High-Speed Manipulation of Microobjects Using an Automated Two-Fingered Microhand for 3D Microassembly

Micromachines 2020, 11(5), 534; https://doi.org/10.3390/mi11050534
by Eunhye Kim 1,*, Masaru Kojima 1,*, Yasushi Mae 2 and Tatsuo Arai 3,4
Reviewer 1: Anonymous
Reviewer 2: Anonymous
Micromachines 2020, 11(5), 534; https://doi.org/10.3390/mi11050534
Submission received: 2 May 2020 / Revised: 19 May 2020 / Accepted: 22 May 2020 / Published: 24 May 2020
(This article belongs to the Special Issue Microrobotics for Biological, Biomedical, and Surgical Applications)

Round 1

Reviewer 1 Report

The paper by KiM and et al titled "High-speed Manipulation of Microobjects by using 3 Automated Two-fingered Microhand for 3D 4 Microassembly " is well written  with nice results. Before it can be accepted  for publication, I really have several concerns.

First of all, I think the author made a mistake about the name of their university, "Beijin" should be " Beijing". Also, please check your main text carefully. The writing  of this paper need more efforts.
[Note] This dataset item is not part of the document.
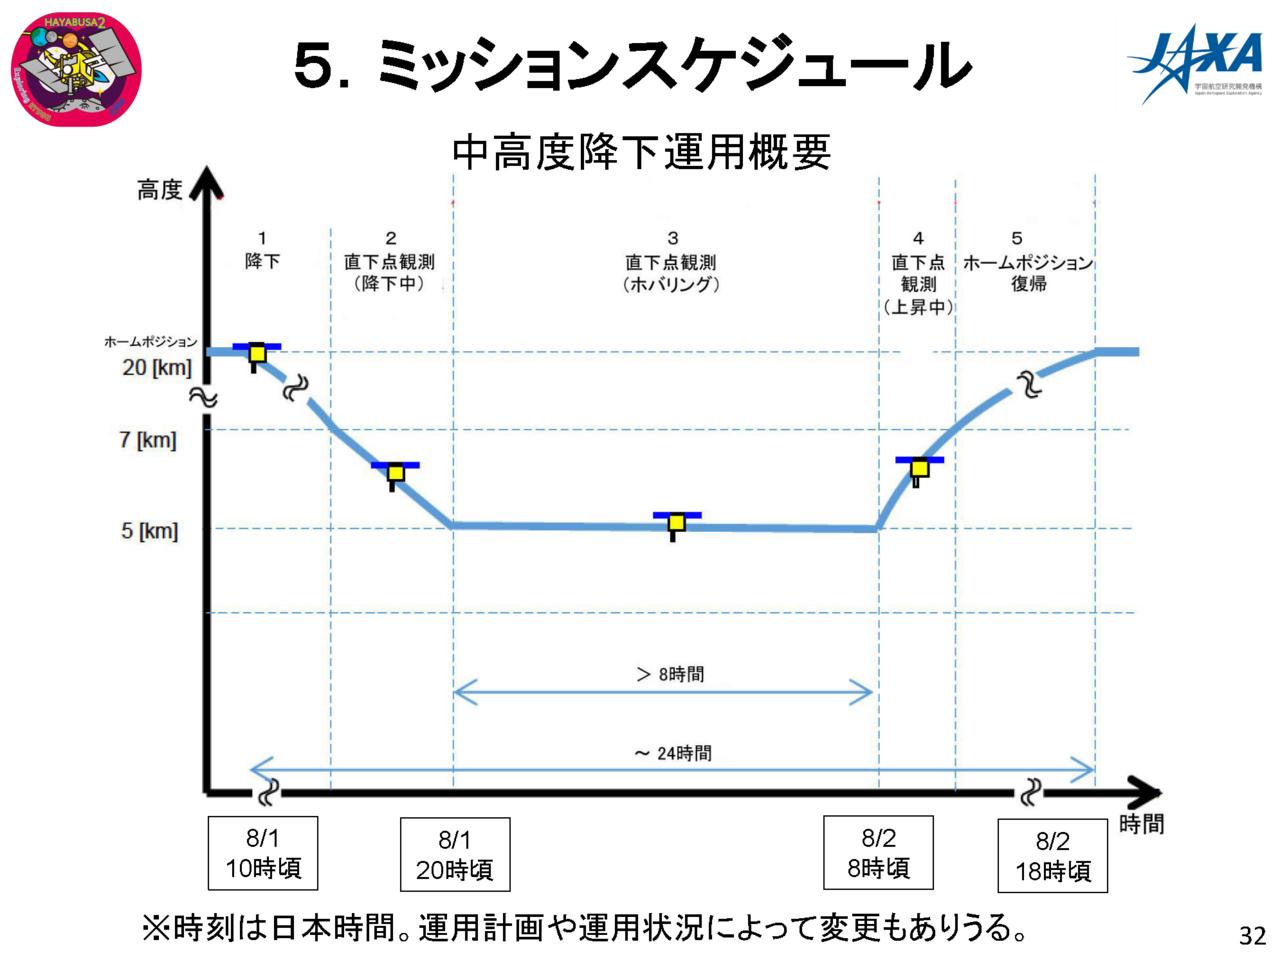 f:id:Imamura:20180719131727p:plain

Secondly,   the paper  is lack of scientific story. the organization is messy with  17 figures. It looks like a application note for company product. I suggest that the author can combine them to several figures to show the outline of your paper clearly.

Finally, Maybe  more quantitatively analysis  is needed . For example, does different size  beads will have different speed?Is there any limit on the beads size?

 

Author Response

We are very much thankful to the reviewers for their deep and thorough review. We have revised our present research paper in the light of their useful suggestions and comments. We hope our revision has improved the paper to a level of their satisfaction. Number wise answers to their specific comments are as follows.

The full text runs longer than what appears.